MatSQ Blog > Column

Materials big data standardization and AI-based materials development plans

Viewed : 1234 times,  2021-09-13 01:27:38

several key projects are in place to develop lightweight materials and energy storage materials.




In recent years, several studies have been conducted to build artificial intelligence (AI)-based big data on materials (hereinafter “materials big data”) in line with the Fourth Industrial Revolution. Materials have been developed in a linear manner so far. In other words, materials development has been done through trial and error rather than the continuous accumulation of data used for the development. The AI-driven materials development is greatly significant because other researchers can utilize historically accumulated data.


This also means a shift to a feedback type virtuous circle that can loop back predicted conditions and physical properties even in the materials development process. With recently developing future technologies and industries, a competitive landscape for developing new materials conflicts with the transition to high-value-added industries. Each country also utilizes strategies for weaponized materials. In this context, there is a growing need for innovative materials development through materials big data standardization.


Materials big data utilization

- Domestic and overseas trends


Keeping pace with global trends, materials powerhouses such as the United States, Japan, and Germany implement materials development projects using AI platforms for future industrial progress. In the United States, the Materials Genome Initiative, which was launched to reduce materials development costs, has resulted in the establishment of data and computational science-centered materials big data composed of about 2.9 million cases. In particular, several key projects are in place to develop lightweight materials and energy storage materials.
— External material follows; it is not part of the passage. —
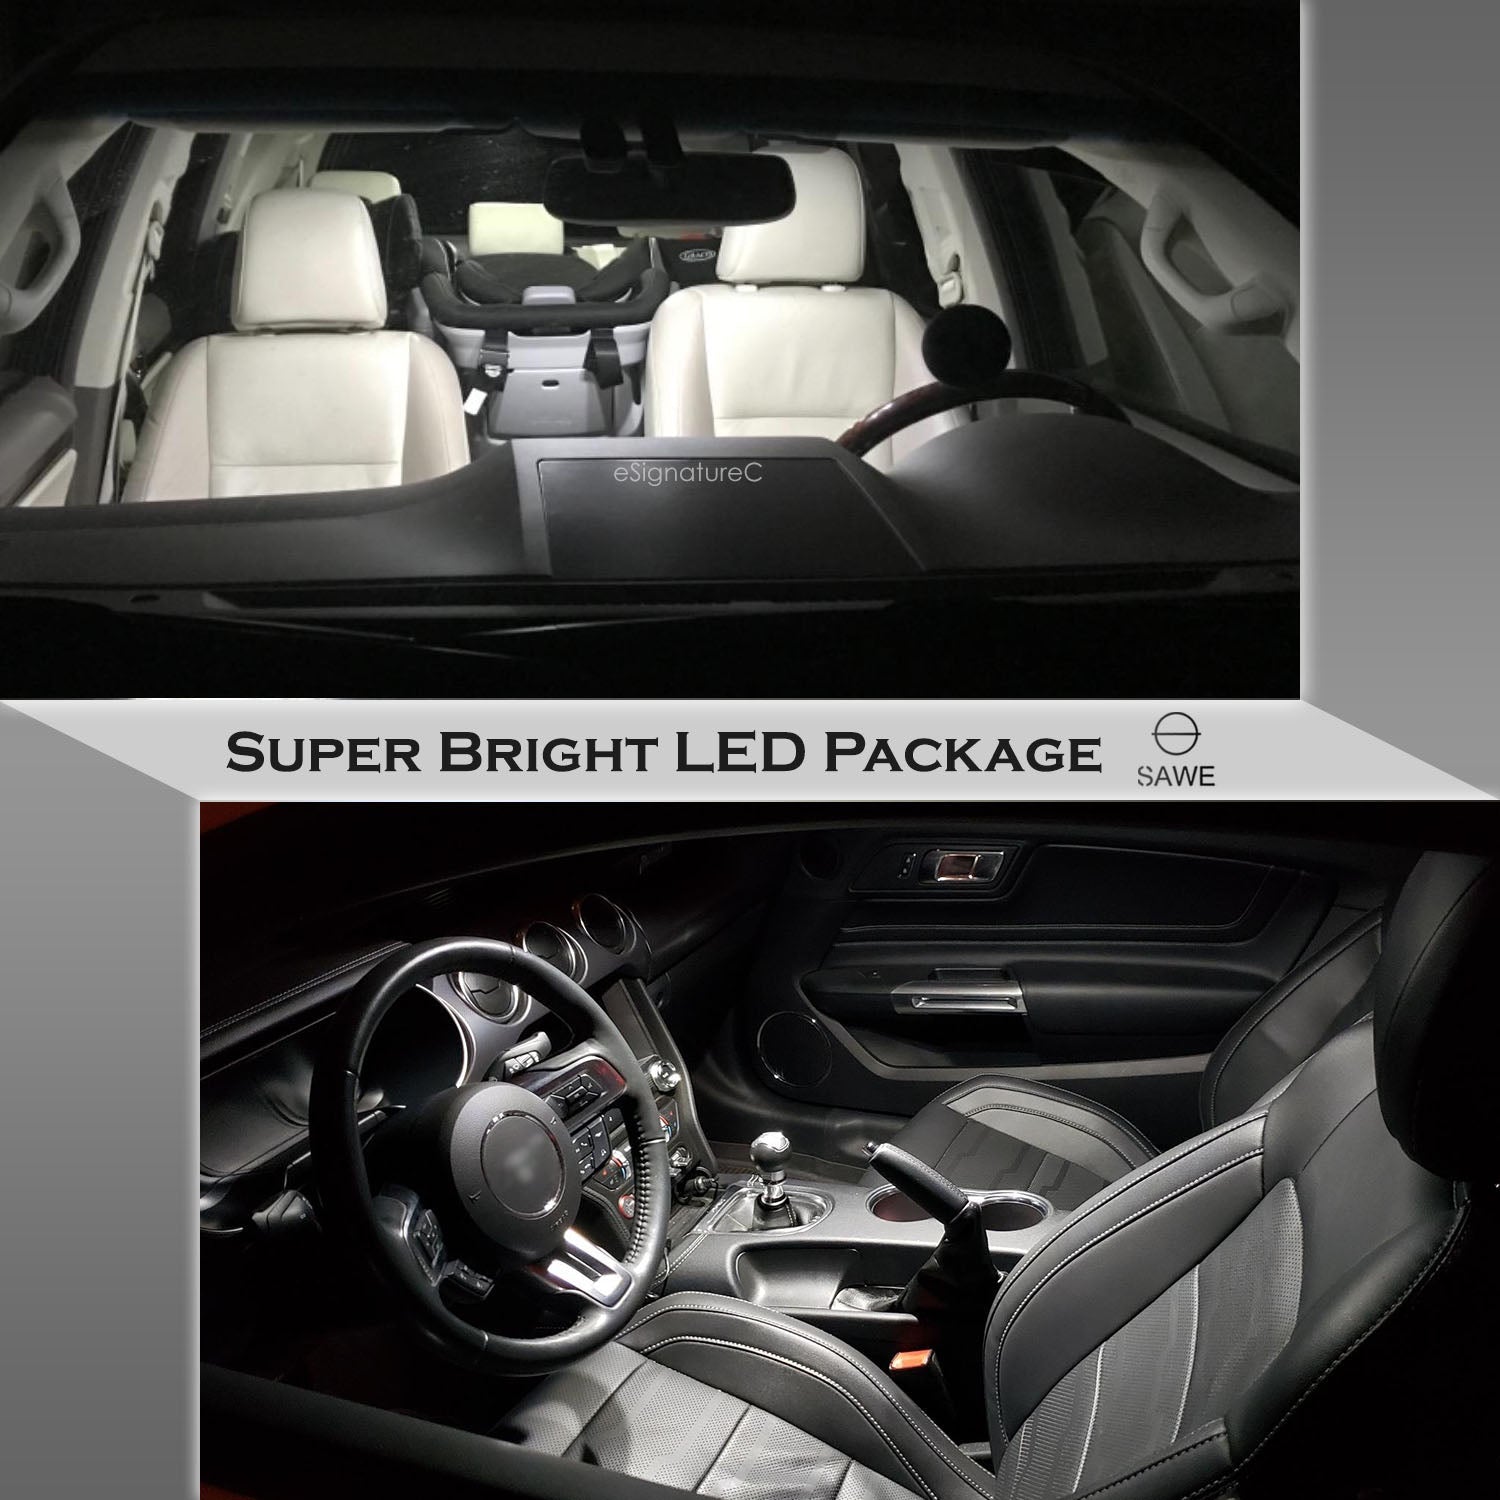 For Chevrolet Sonic Interior LED Lights - Dome & Map Lights Package Kit for 2012 - 2017 - White
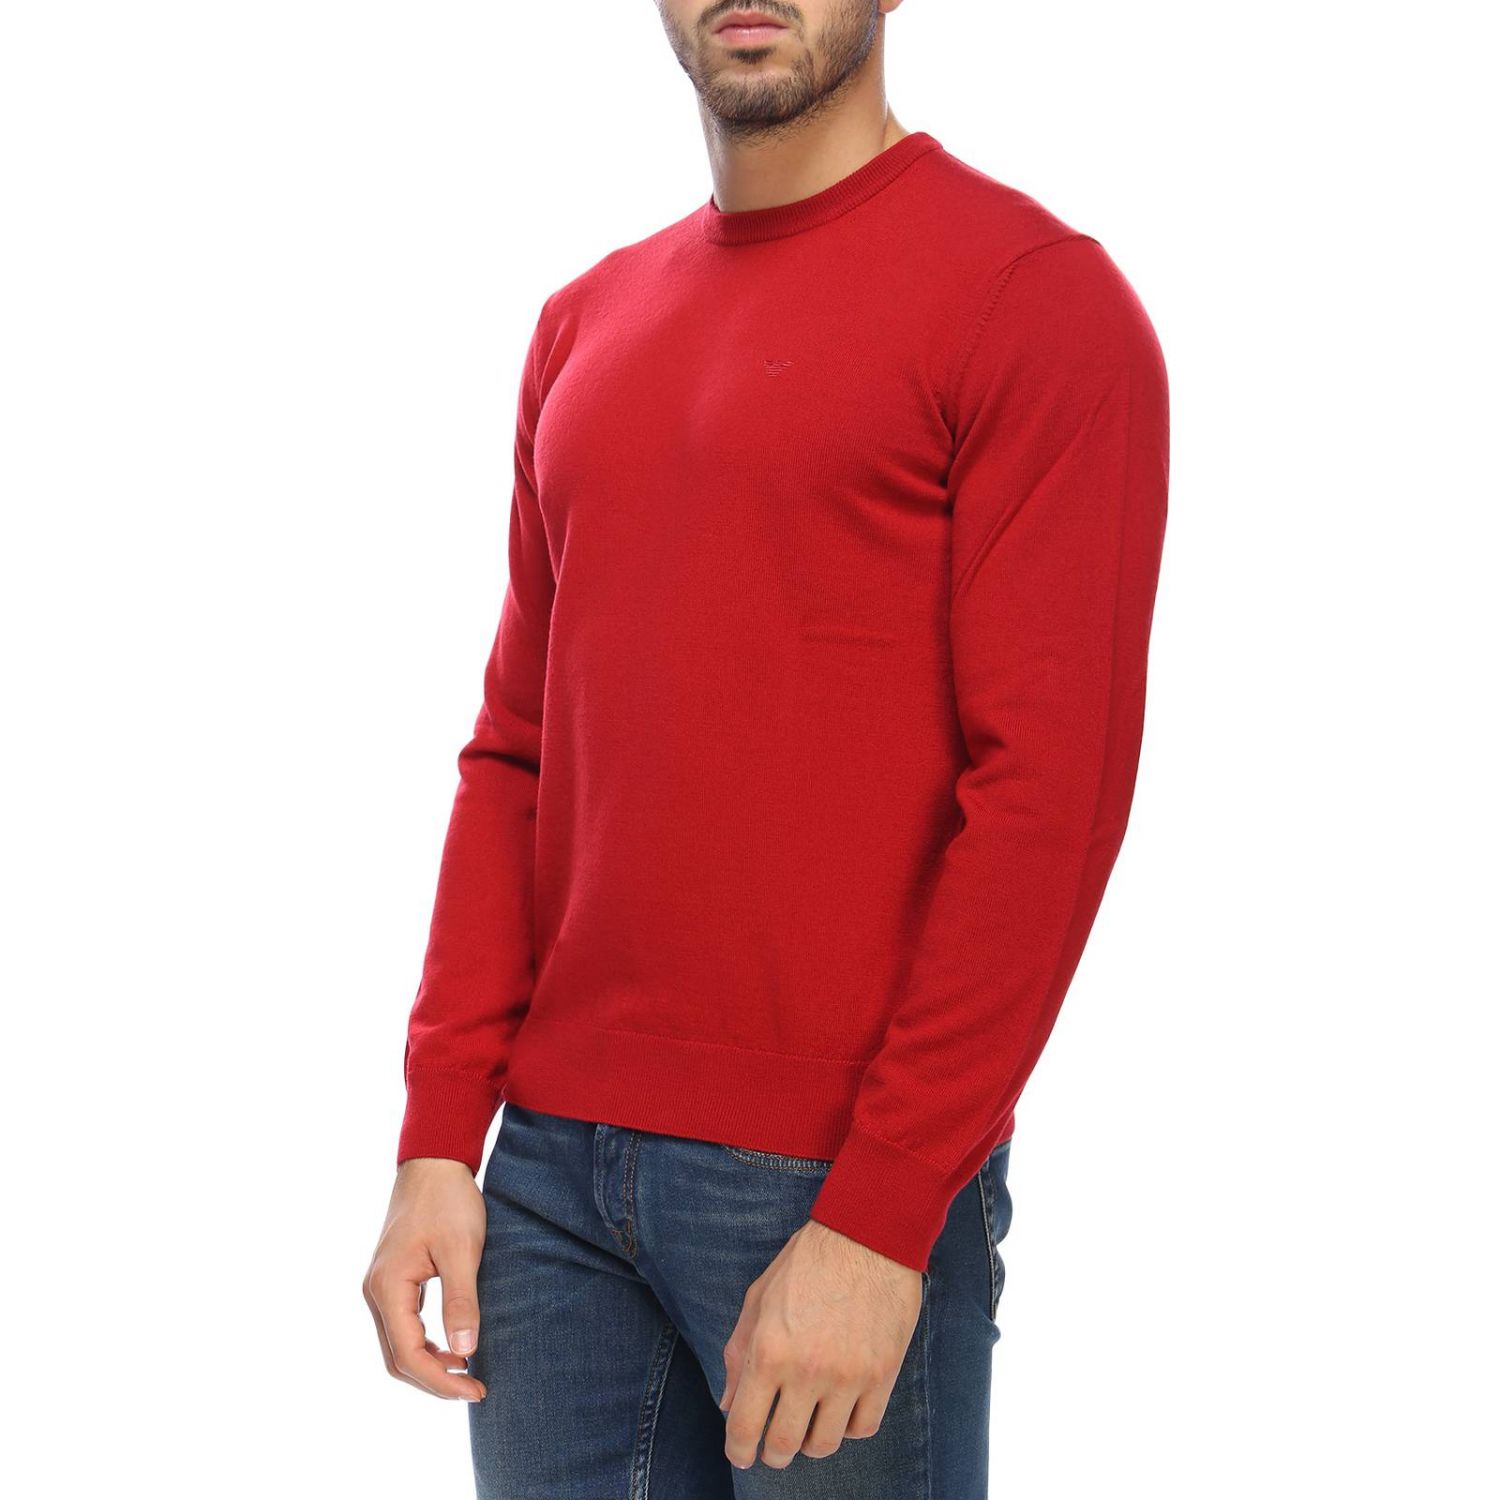 Emporio Armani Outlet: Sweater men | Sweater Emporio Armani Men Red ...

In Japan, national strategies including the “New Elements Strategy Project” have been established since 2017 to digitize process technology and more with experimental and computational data. Big data has been built to pass down these accumulated technical skills to future generations. In Europe, there are efforts to share data and build a database by operating the European Union funding program called Horizon 2020. About 4.4 million pieces of big data in computational science, such as NOMAD, have been built, and every endeavor has been put into improving researcher accessibility.


(Left) the Materials Genome Initiative(MGI) and (Right) Novel Materials Discovery (Nomad)


On the other hand, in South Korea, bulk data and standardization systems for data collection are still insufficient. Although Material Bank has secured 1.6 million pieces of information on physical properties in the chemistry and materials fields, the quantity remains inadequate compared to Europe (4.4 million) and the United States (2.9 million), as mentioned above. With respect to data quality, all the conditions for the data life cycle are still unsecured, so the level of data accumulation falls short of the global level.


- Data standardization


For materials data to be standardized, the common items should be systematized according to materials development phases. In particular, raw materials, composition, processes, and physical properties are classified as major categories in the development phase. The raw materials category should indicate data such as manufacturers, purchase date, and element names, while the composition category should specify information such as raw materials, units, and writers. In the process category, equipment, conditions, and a series of actions should be mentioned.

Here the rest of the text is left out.